• [Data section]
══════════

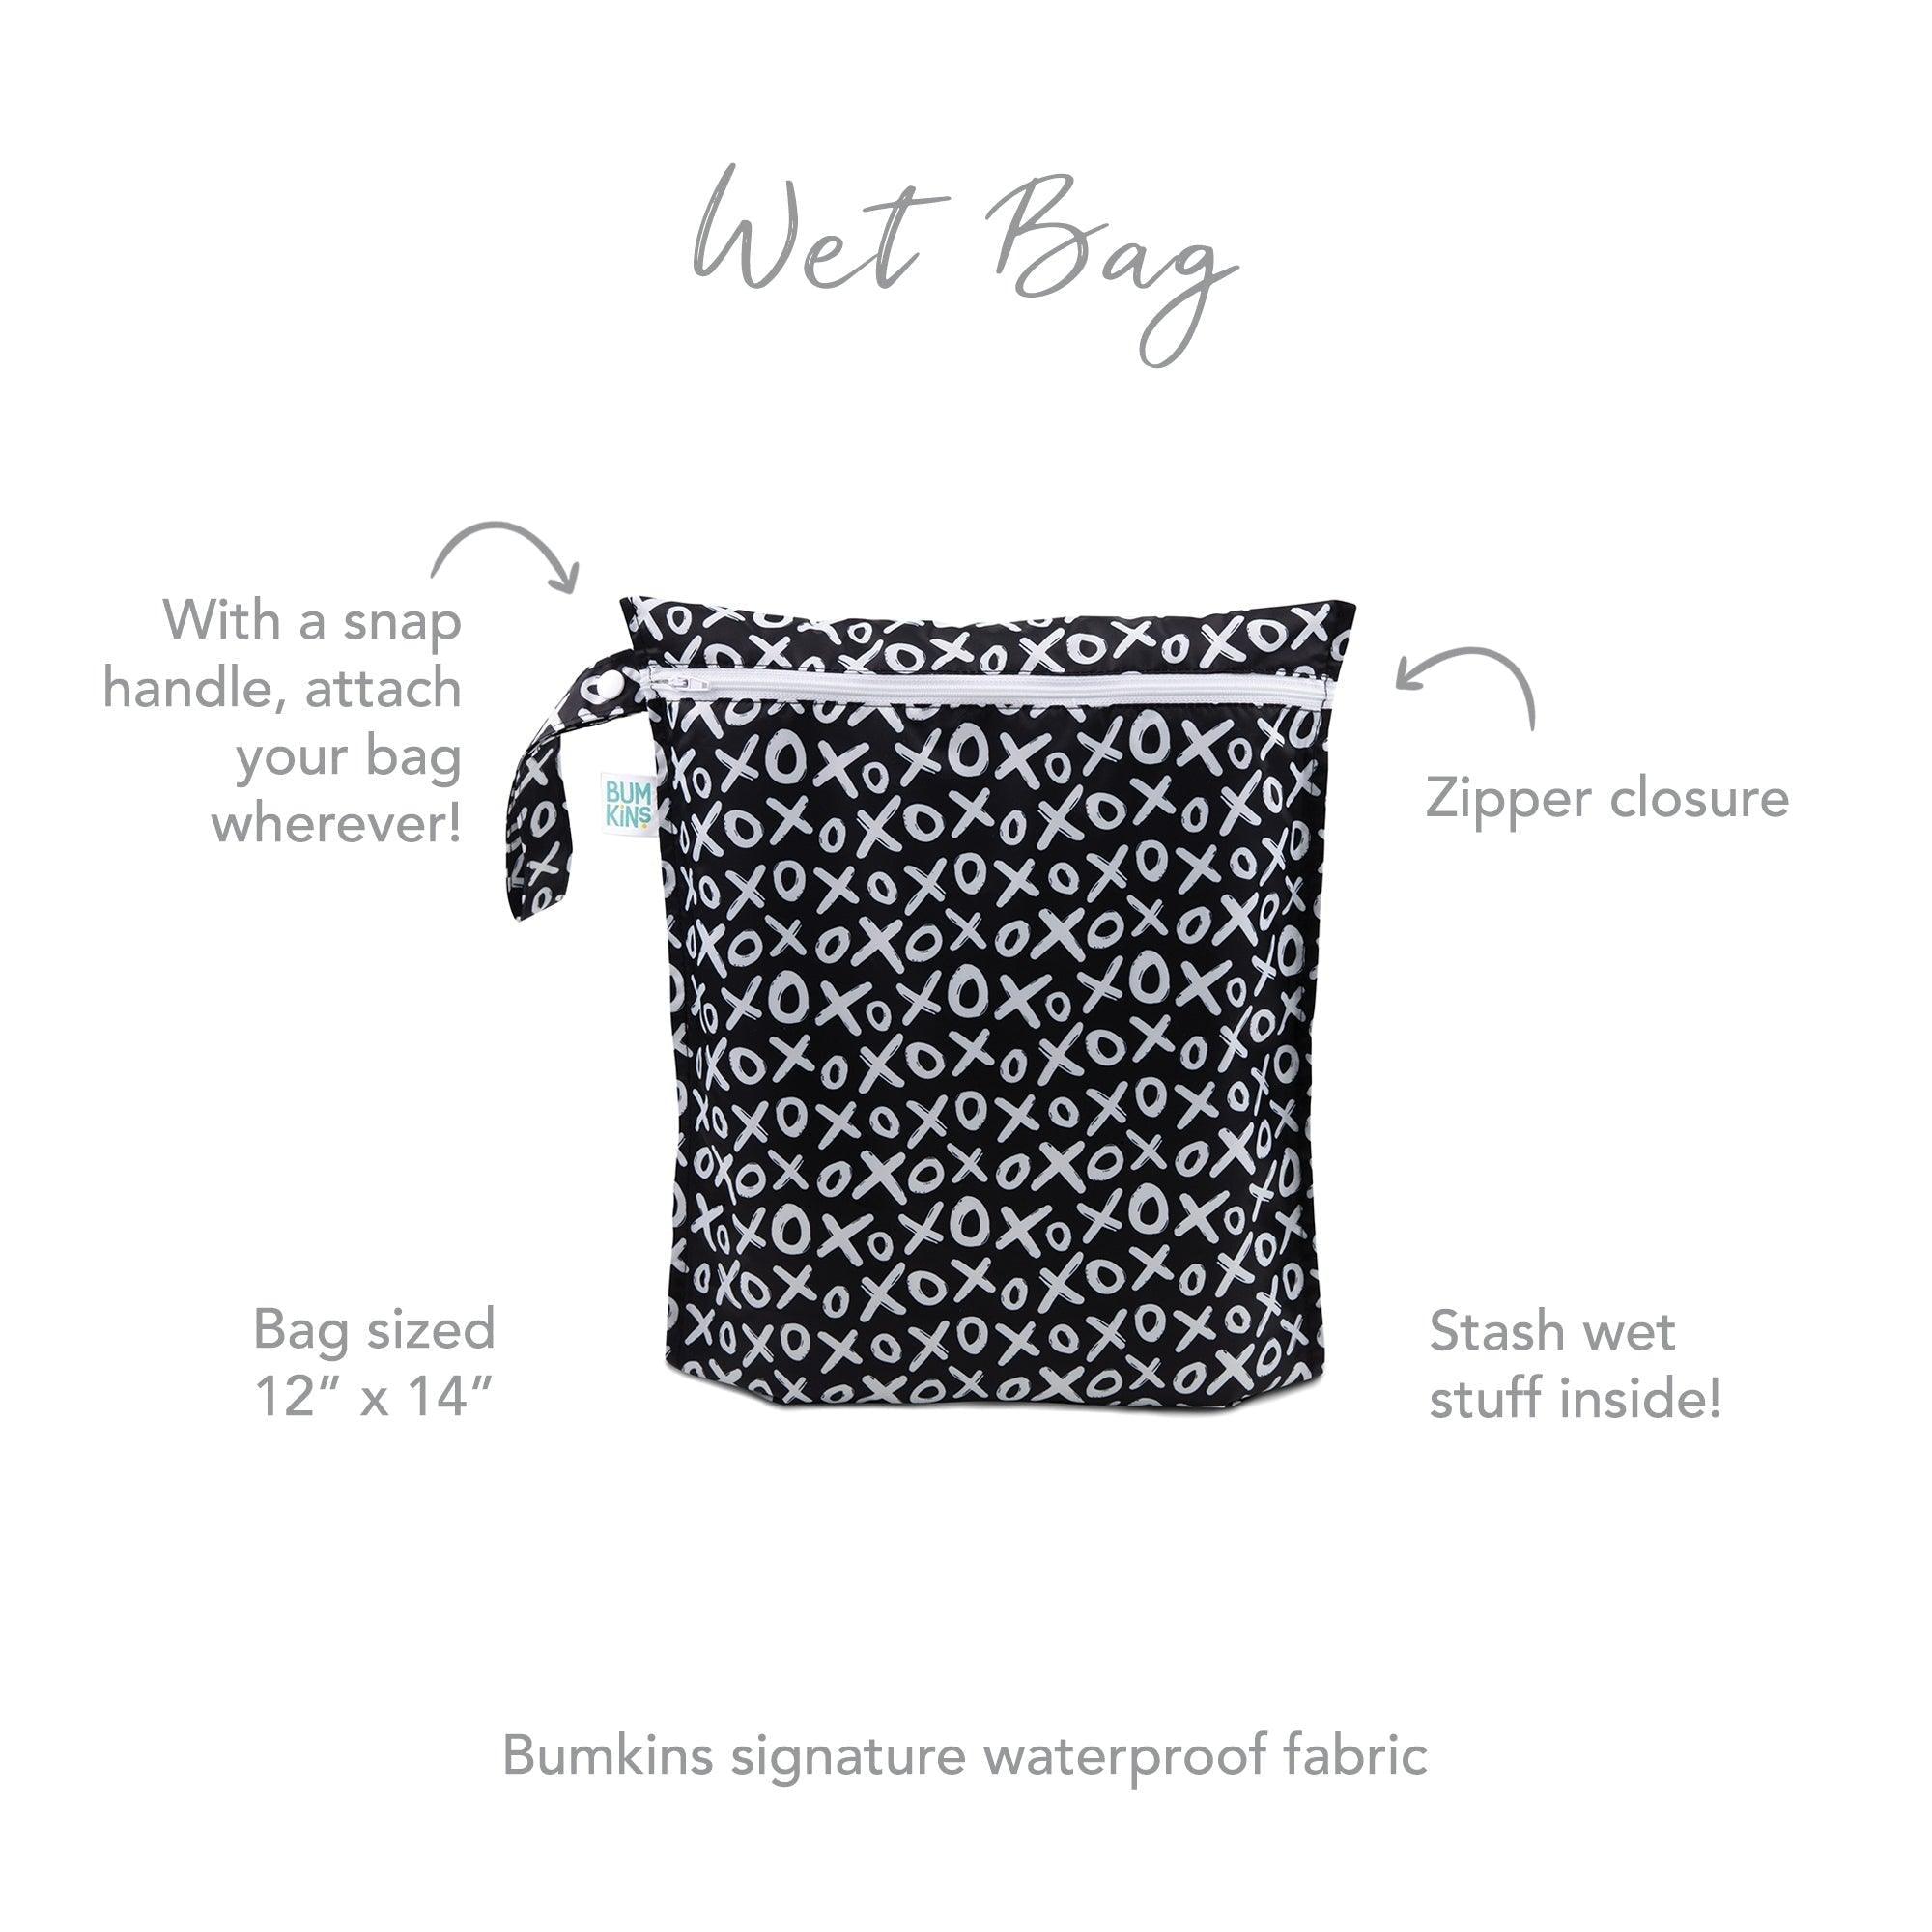 Wet Bag: XOXO - Bumkins
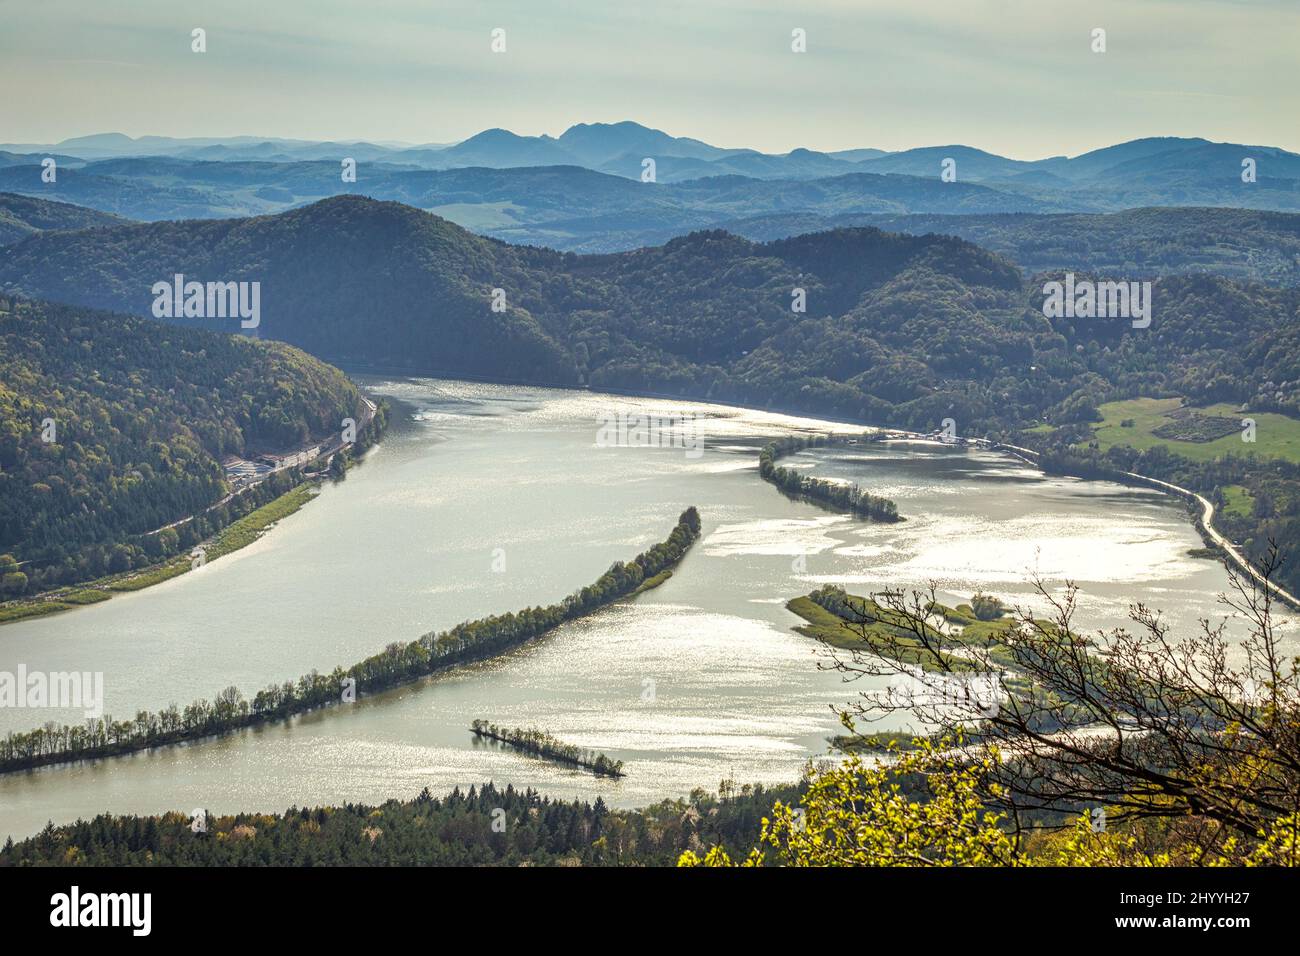 Vista della diga di Nosice sul fiume Vah dalla collina di Klapy vicino alla città di Povazska Bystrica nella Slovacchia nord-occidentale, Europa. Foto Stock
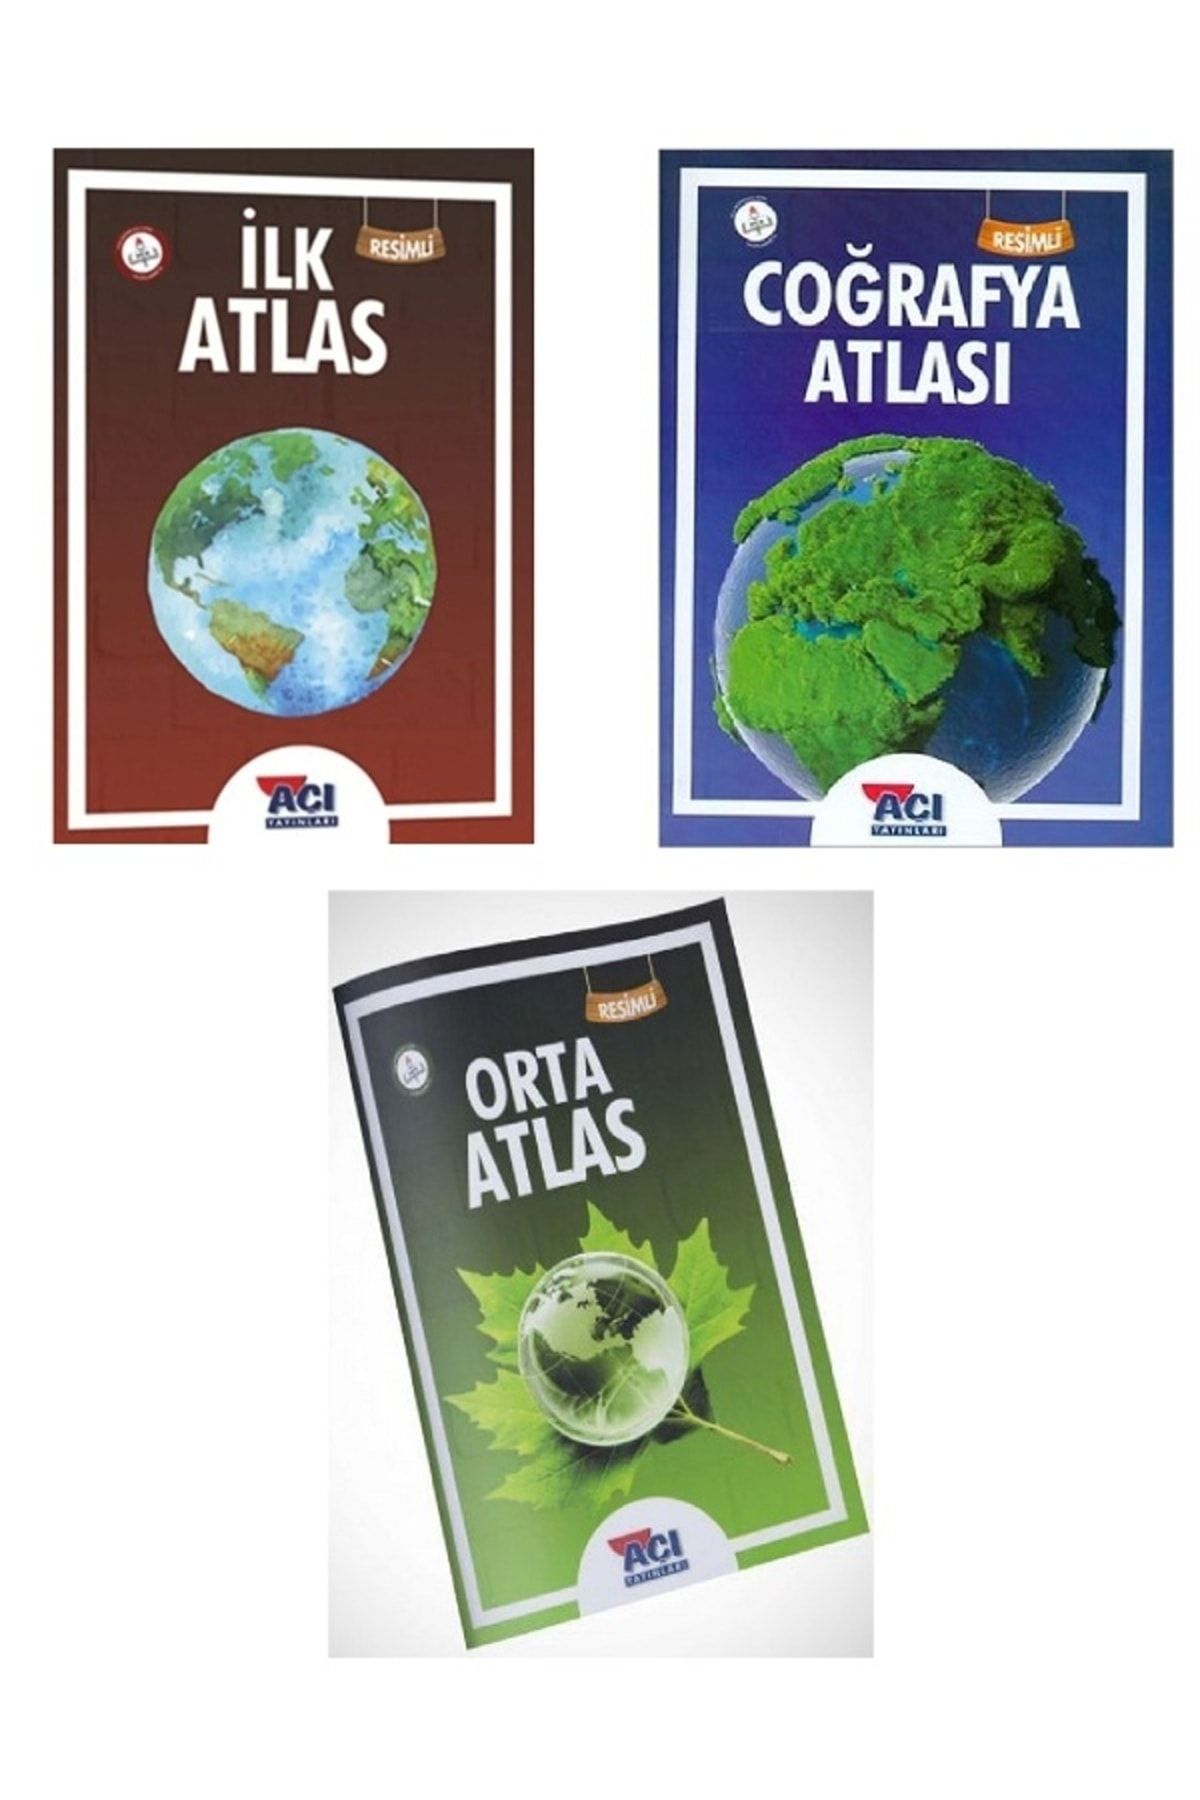 Açı Yayınları Atlas Resimli Atlas - Coğrafya Atlası - Orta Atlası - İlkAtlası Açı Yayınları
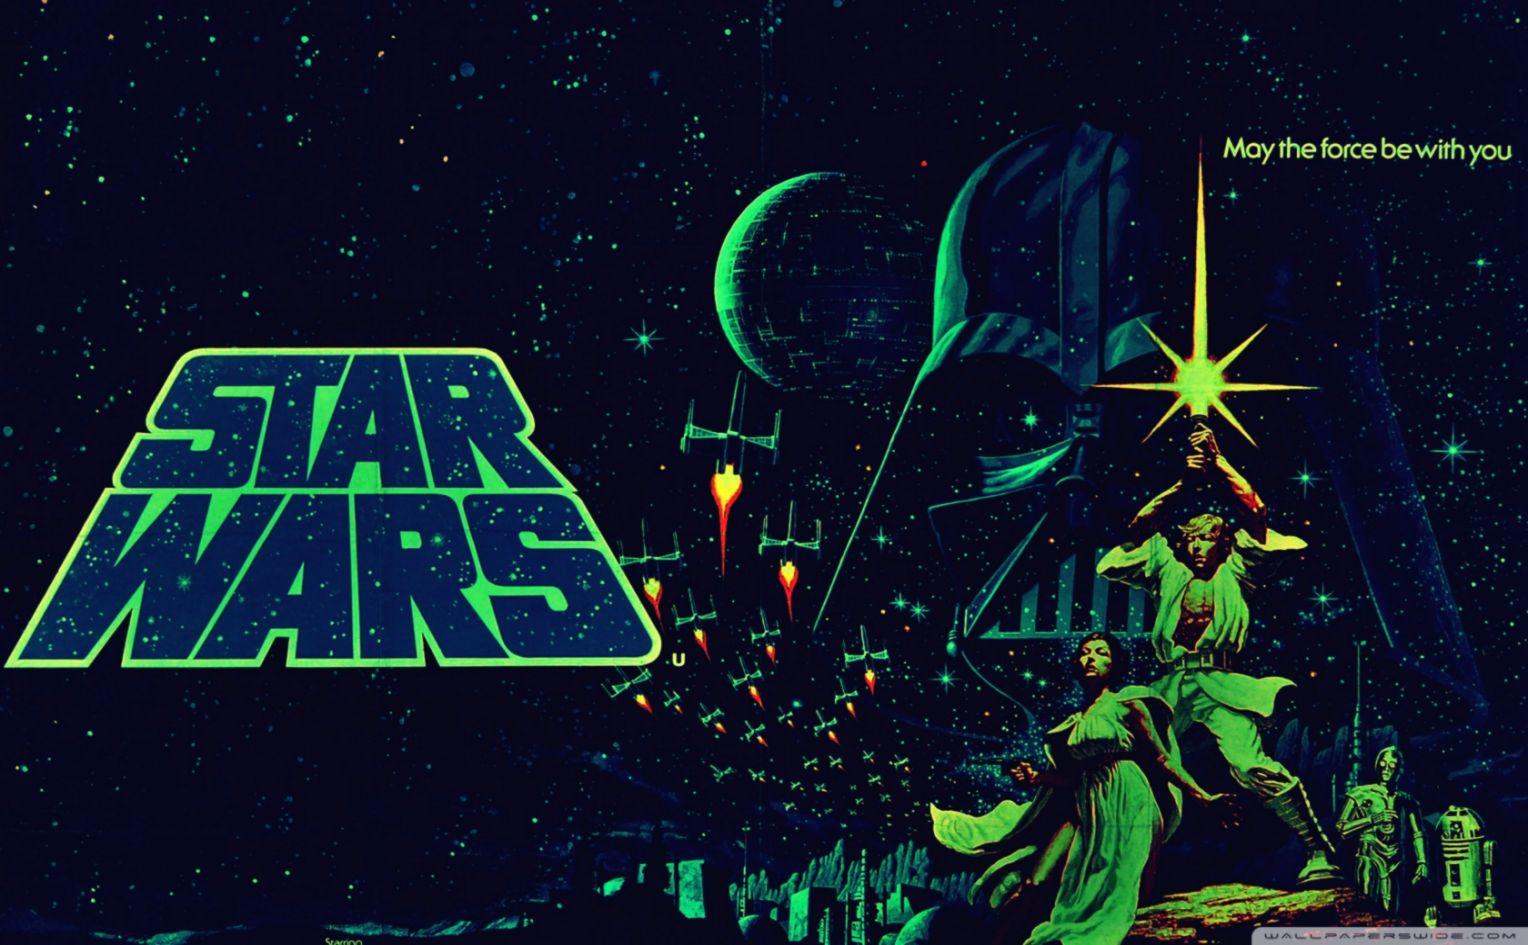 Classic Movie Star Wars Wallpaper

══════════

• [Work request]
Omit the pictures and write out the remaining data exactly.

• [Exercise solution]
 Wet Bag: XOXO - Bumkins
 Vista della diga di Nosice sul fiume Vah dalla collina di Klapy vicino alla città di Povazska Bystrica nella Slovacchia nord-occidentale, Europa. Foto Stock
 Açı Yayınları Atlas Resimli Atlas - Coğrafya Atlası - Orta Atlası - İlkAtlası Açı Yayınları
 Classic Movie Star Wars Wallpaper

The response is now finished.